Abstract
Background
Although the presence of physical signs [tendon xanthomas and/or corneal arcus (TX/CA)], are associated with the risk of coronary artery disease in patients with heterozygous familial hypercholesterolemia (HeFH), their relationship with genotypes and clinical characteristics has not been fully determined. This study aimed to examine the association of TX/CA with genetic mutation, lipid- and inflammation-related markers, the severity of coronary stenosis or calcification, and cardiovascular events (CVEs) in patients with HeFH.
Methods
LDLR, APOB, and PCSK9 genes were screened in 523 HeFH patients, and patients with TX/CA (n = 50) were 1:4 propensity score-matched to patients without TX/CA (n = 200) to adjust for age and sex.
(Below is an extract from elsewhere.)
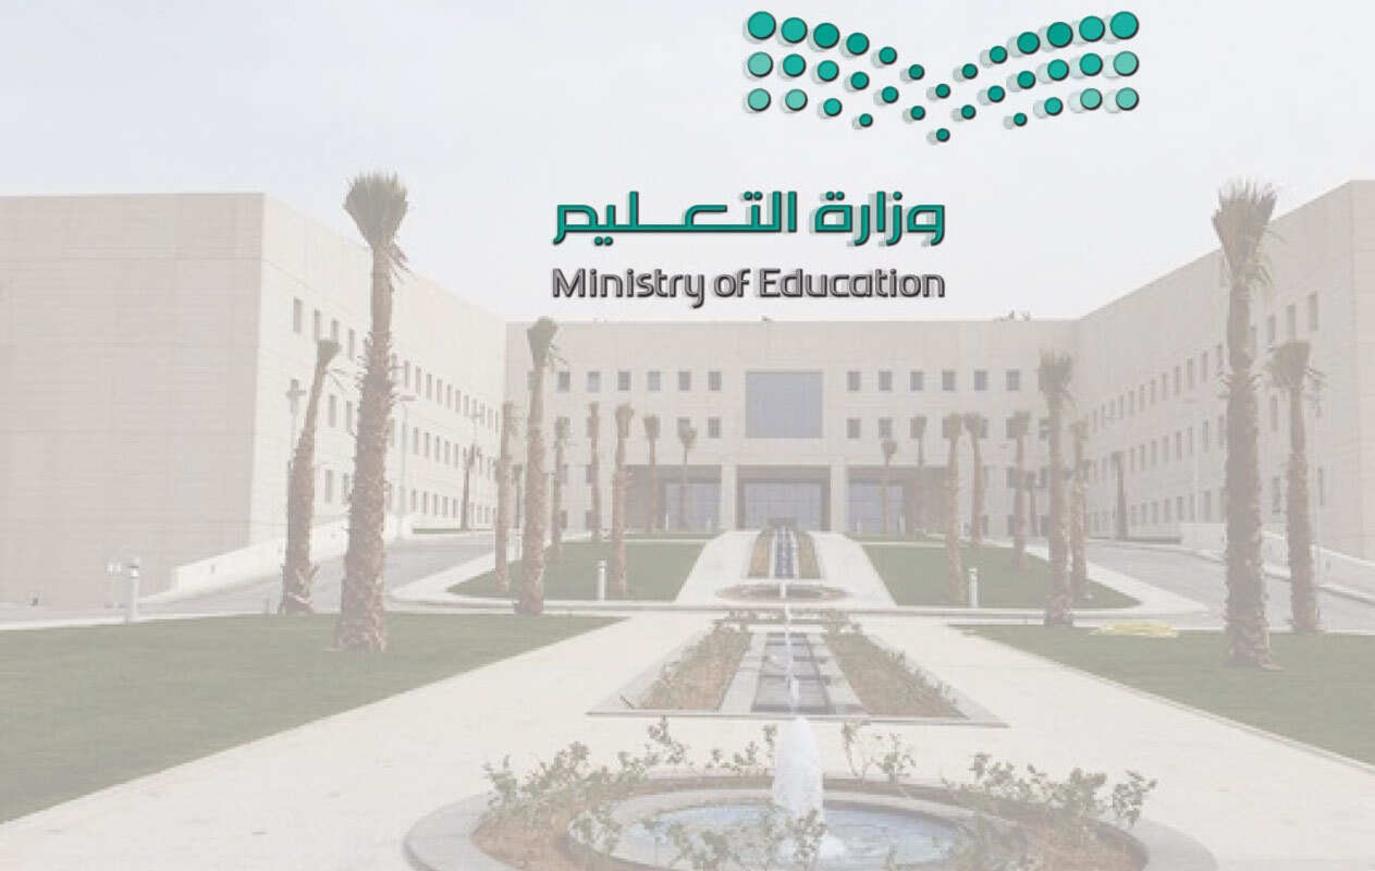 هام وزارة التعليم السعودي يعلن موعد بداية الاختبارات النهائية ١٤٤٣ الترم الثالث لجميع المراحل الدراسية؟؟

Laboratory markers (proprotein convertase subtilisin/kexin type 9 [PCSK9], lipoprotein(a) and high-sensitivity C-reactive protein [hsCRP]), computed tomography angiography, coronary angiography, and follow-up for CVEs were performed.
Results
Patients with physical signs had significantly higher low-density lipoprotein cholesterol levels; higher PCSK9 or hsCRP concentrations; more LDLR positive mutations; and higher prevalence of high tertiles of Gensini, SYNTAX and Jeopardy scores as well as coronary artery calcium scores than did those without. Over an average follow-up of 3.7 years, the incidence of CVEs was significantly higher in patients with TX/CA (log-rank p < 0.001). Patients with physical signs and mutation positivity had threefold higher risks of CVEs (adjusted hazard ratio 3.34, 95% confidence interval 1.04–10.72, p = 0.024).
Conclusions
Physical signs were associated with genotypes and phenotypes, and worse outcomes in patients with HeFH, suggesting that these signs may help in risk stratification in these patients.